## Exercise prompt
Each line of the data below should be restated exactly, with images left out.

## Information provided
# # #
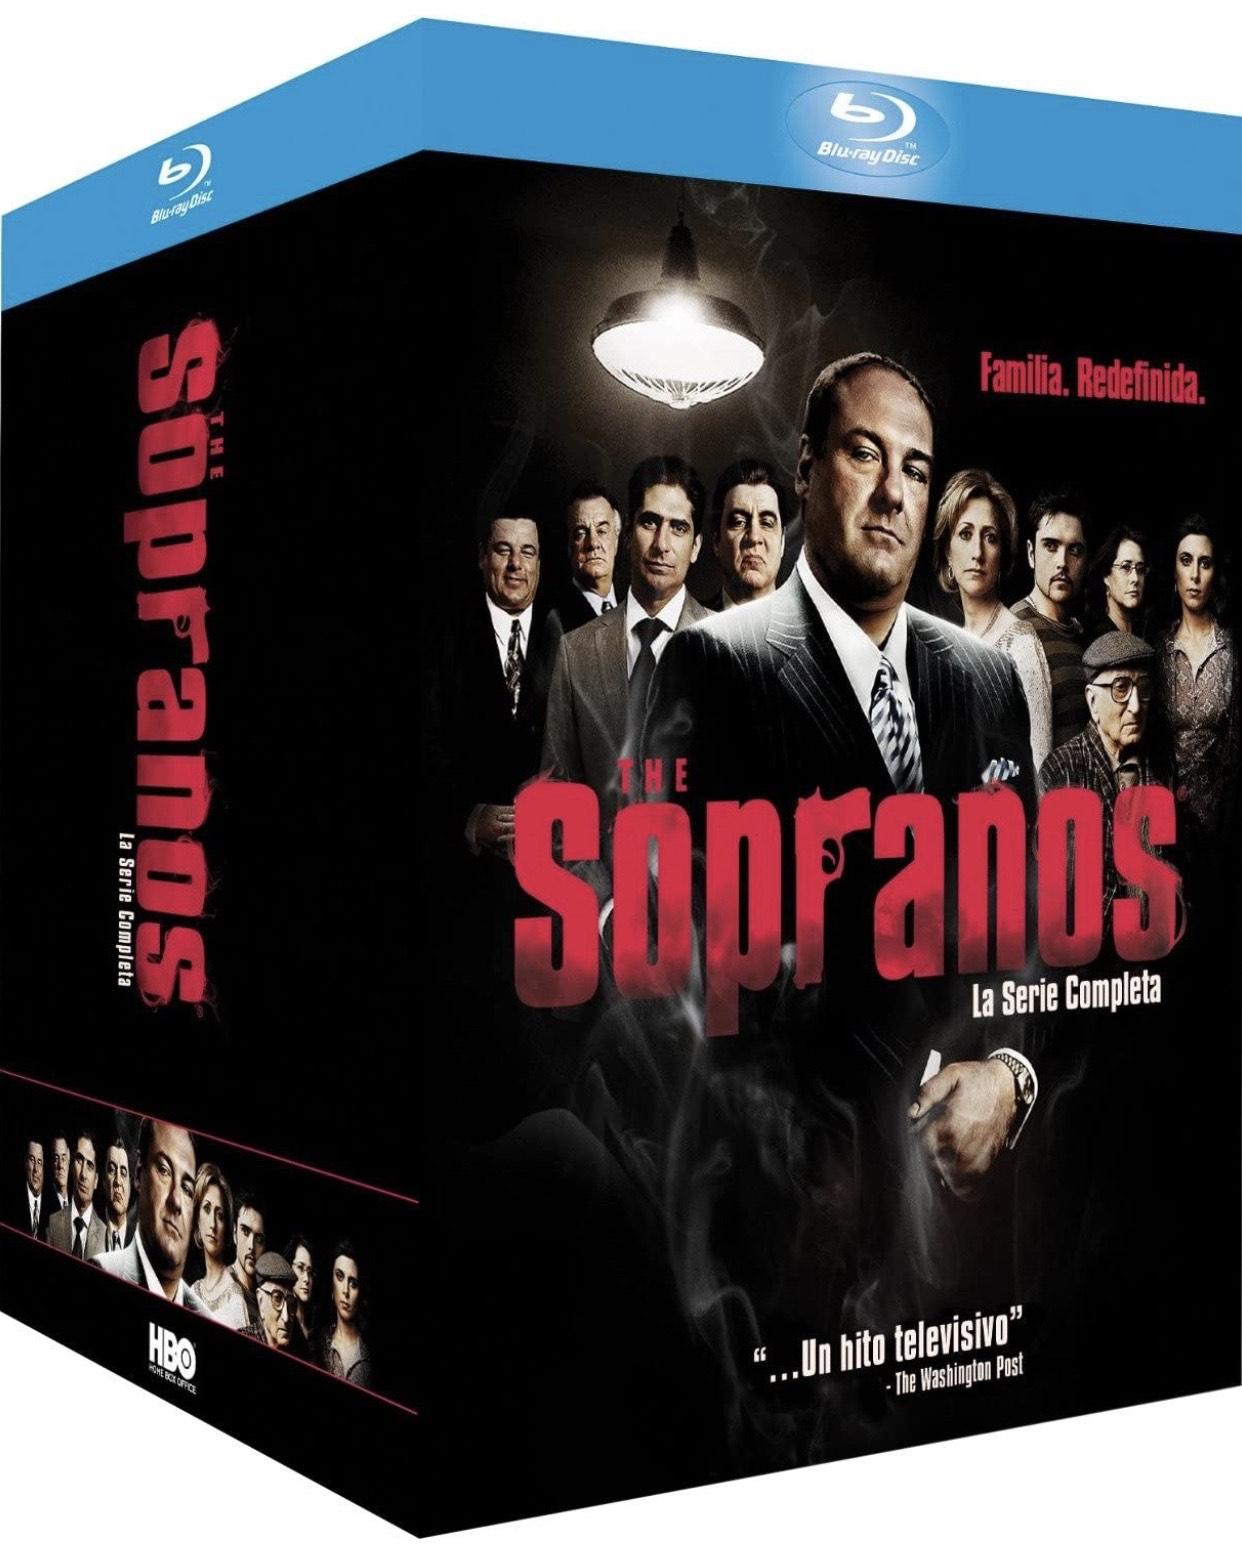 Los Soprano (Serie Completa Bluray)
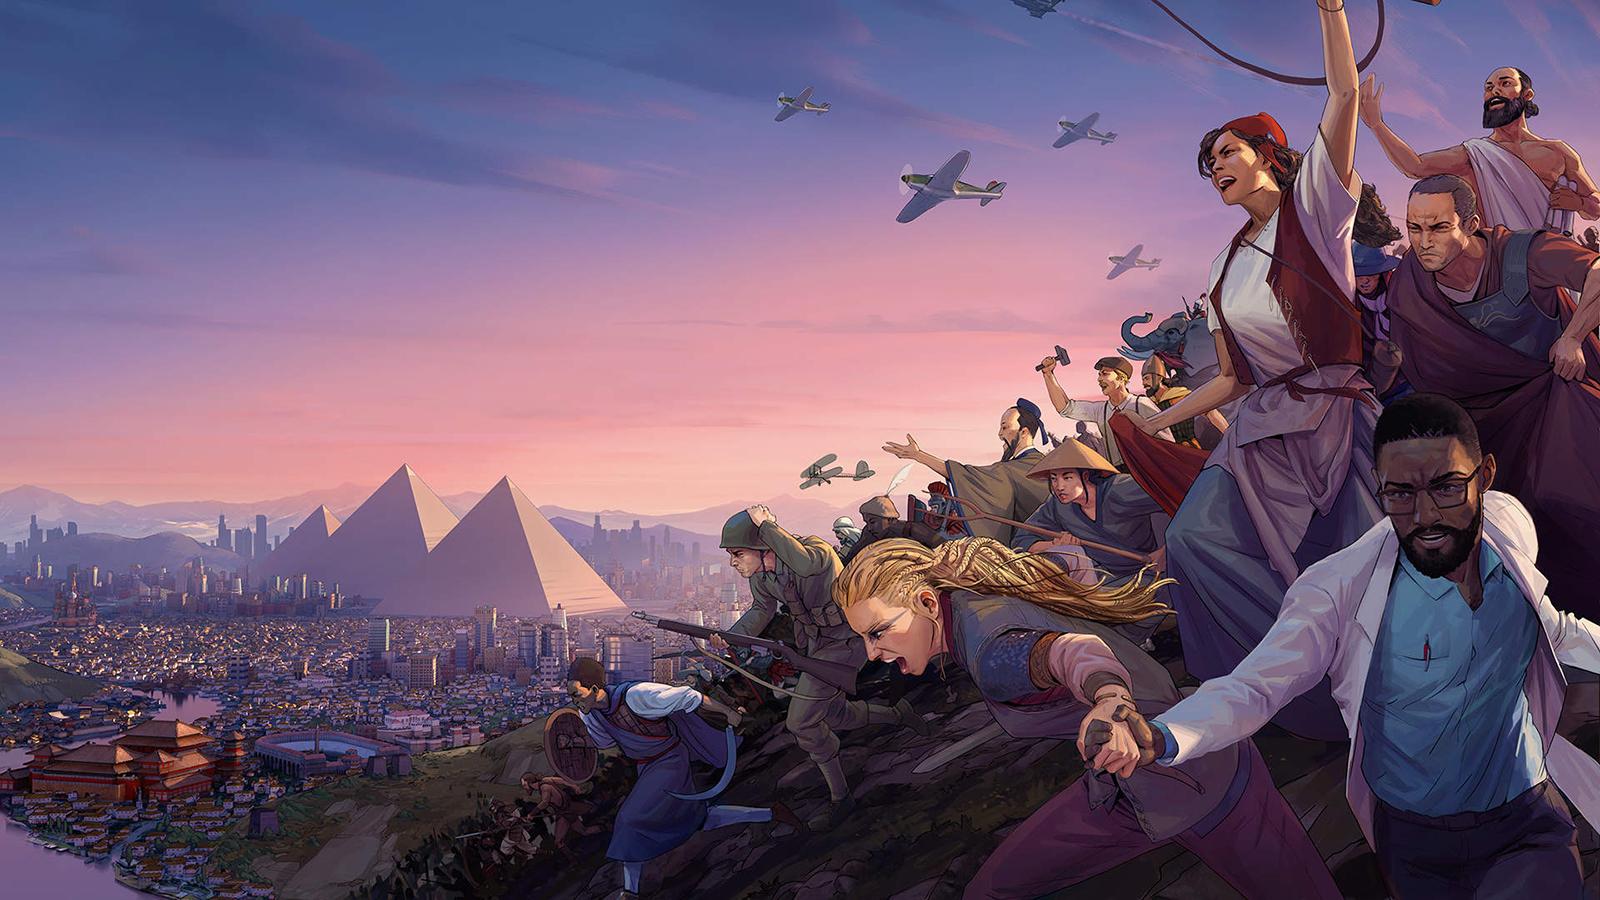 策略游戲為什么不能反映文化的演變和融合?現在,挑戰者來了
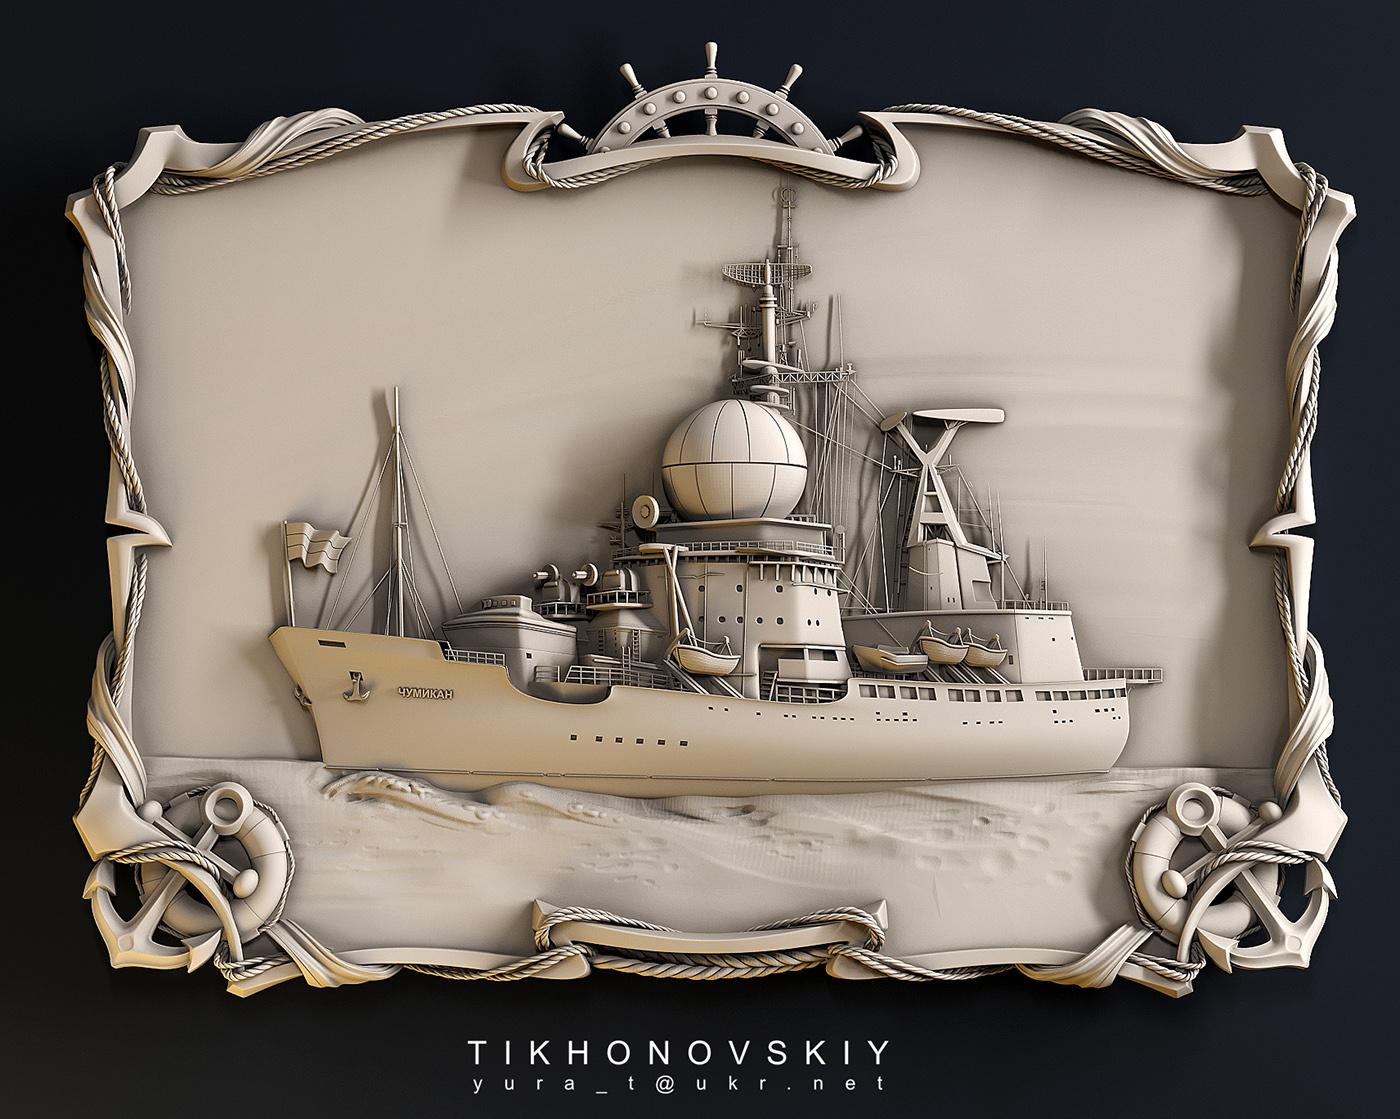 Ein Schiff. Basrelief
# # #
## Answer space
 Los Soprano (Serie Completa Bluray)
 策略游戲為什么不能反映文化的演變和融合?現在,挑戰者來了
 Ein Schiff. Basrelief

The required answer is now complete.